As an exponential-family model, $cal(L)$ is concave in the natural parameters, so gradient ascent converges to the unique optimum. The gradients are moment gaps:
  (partial cal(L)) / (partial h_i (A)) = f_i (A) - p_i (A), quad (partial cal(L)) / (partial J_(i j) (A,B)) = f_(i j) (A,B) - p_(i j) (A, B),
where $p_i$ and $p_(i j)$ are model marginals under current $(J, h)$. Hence the updates
  h_i^(t+1)(A) <- h_i^t (A) + eta_h [f_i (A) - p_i^((t))(A)], \
  J_(i j)^(t+1)(A, B) <- J_(i j)^t (A, B) + eta_J [f_(i j) (A, B) - p_(i j)^((t))(A, B)].
drive the model toward the maximum likelihood-solution where $f=p$.
The obstacle is that the marginals $p_i$ and $p_(i j)$ are not analytically computable at scale; adabmDCA estimates them by MCMC at each epoch.

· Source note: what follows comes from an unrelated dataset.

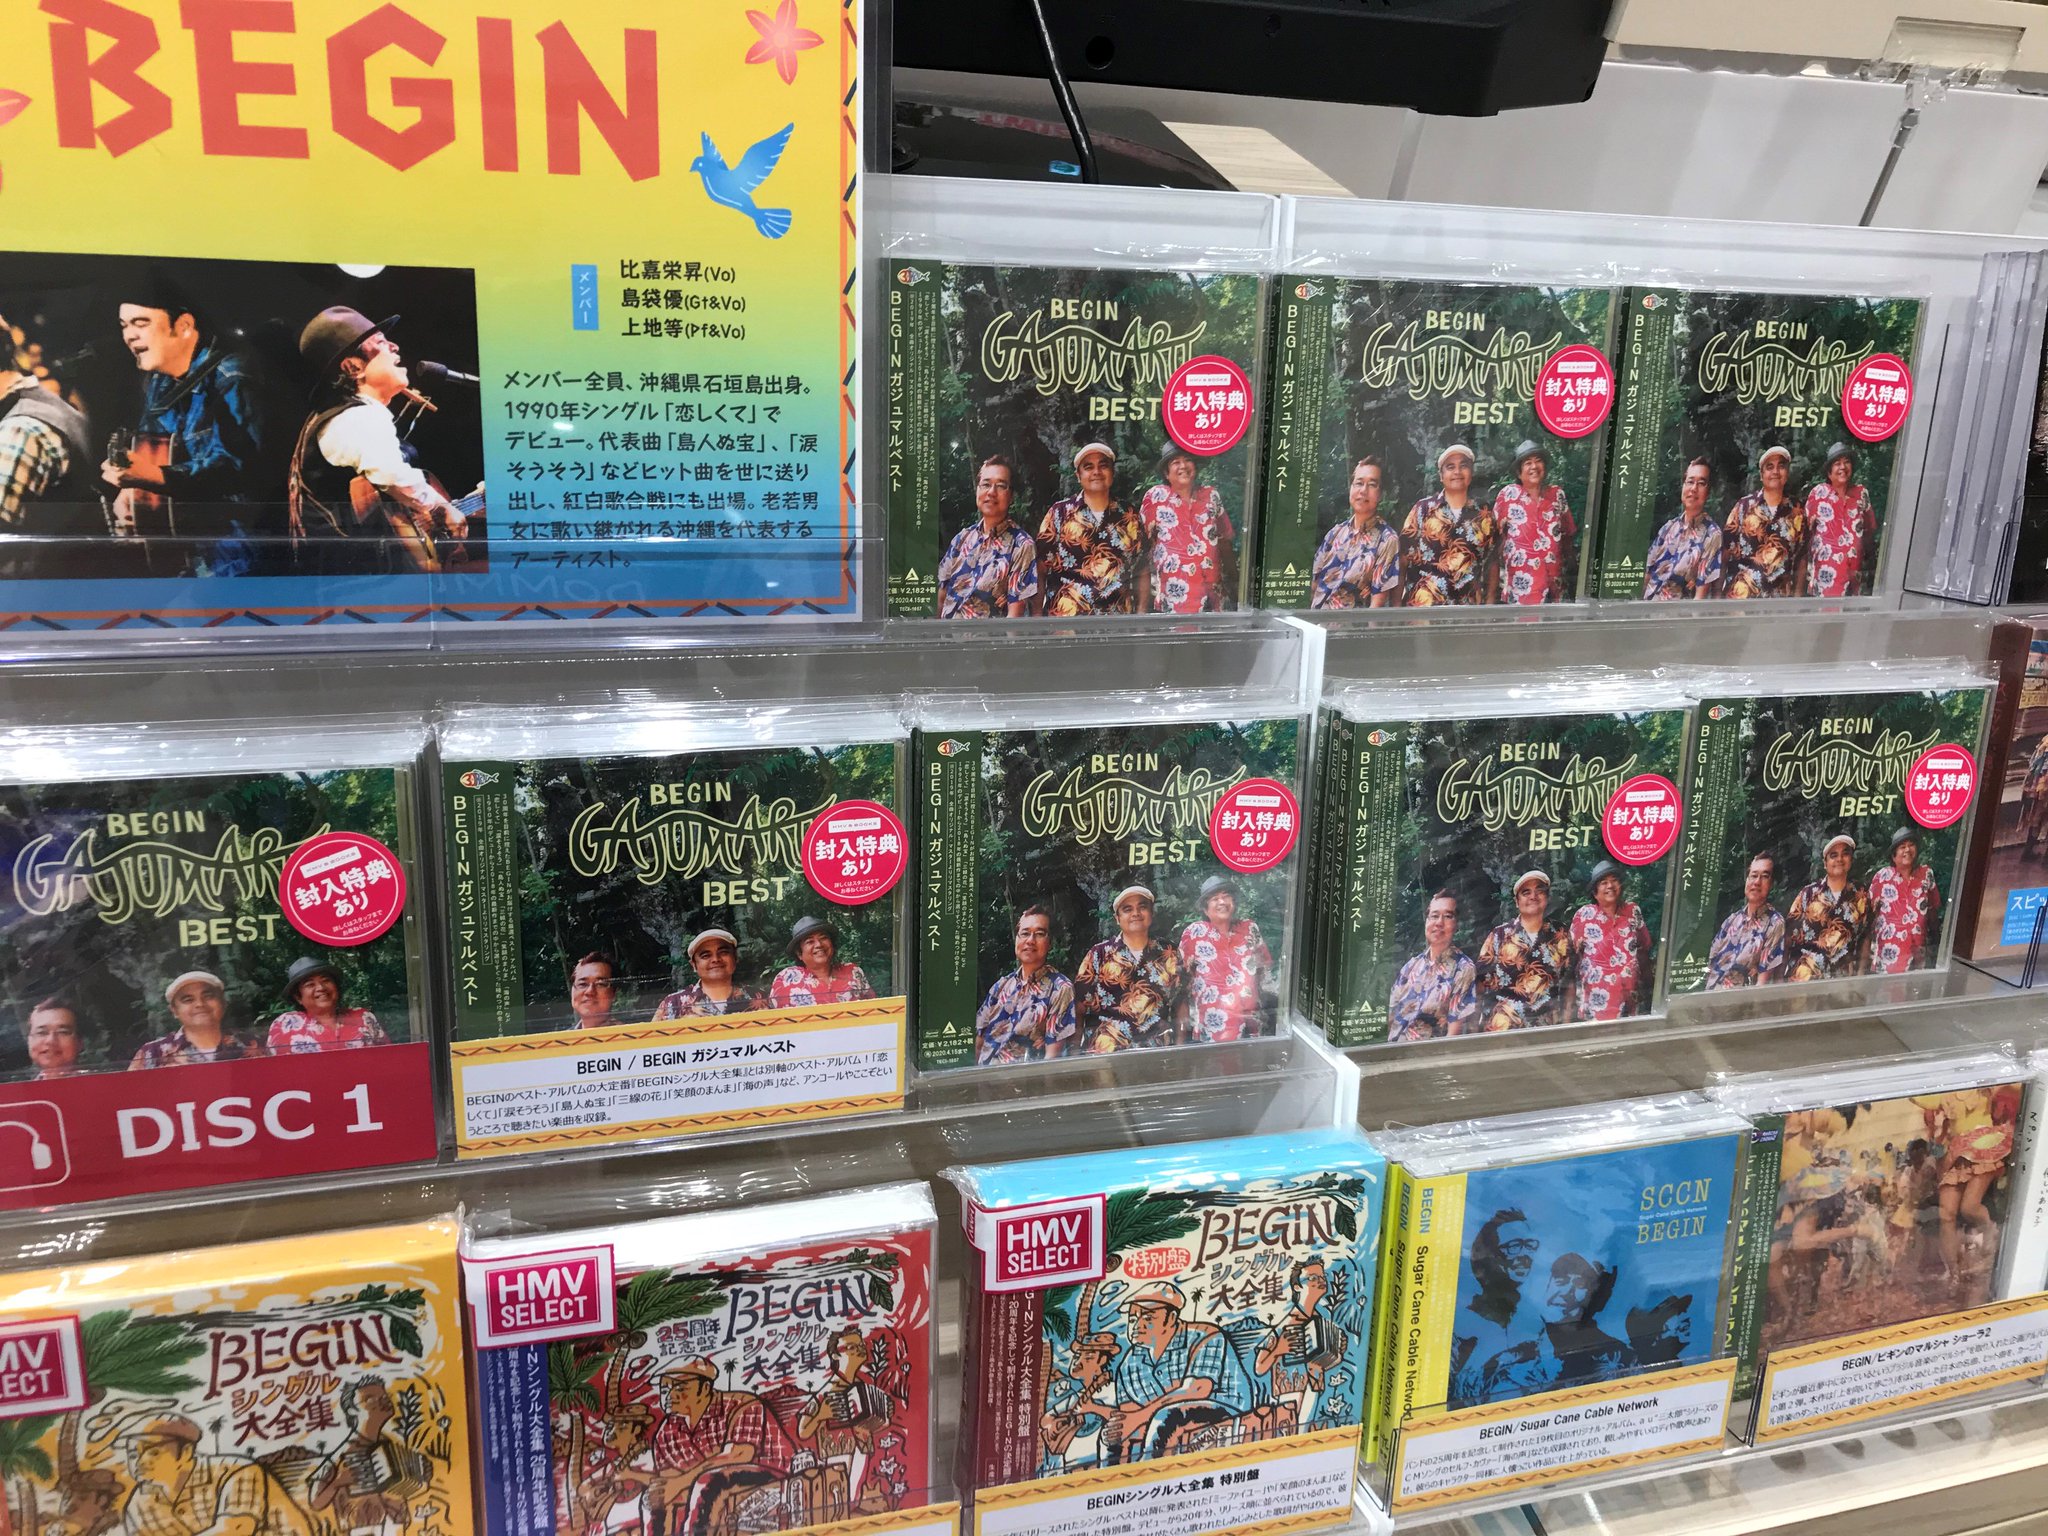 Hmv Books Okinawa Begin 30周年を目前に控えたbeginの最新ベスト アルバム Begin の人気定番曲を厳選した シングル大全集 とは別軸のベスト アルバム 恋しくて 涙そうそう 島人ぬ宝 三線の花 笑顔のまんま 海の声 などが収録

*Estimating Model Expectations via Adaptive MCMC* \
At training epoch $t$, run $N_s$ independent Markov chains using Metropolis-Hastings @Metropolis1953 @mh-algorithm (Gibbs sampling strategy may also be used @gibbs-algorithm), each producing $N_c$ samples after an equilibration period $T_"eq"$ and with an inter-sample waiting time $T_"wait"$. The Monte Carlo estimators are
  p_i^((t)) (A) = 1/(N_s N_c) sum_(m=1)^(N_s N_c) delta(A, sigma_i^((m))(t)), \ p_(i j)^((t)) (A, B) = 1/(N_s N_c) sum_(nu=1)^(N_s N_c) delta(A, sigma_i^((m))(t)) delta(B, sigma_j^((m))(t)).
Chains may be transient, reinitialized every epoch, or persistent, initialized only at the first epoch. Equilibration is often sped up through persistence of chains. For more details on the adaptive scheme, refer to @app3.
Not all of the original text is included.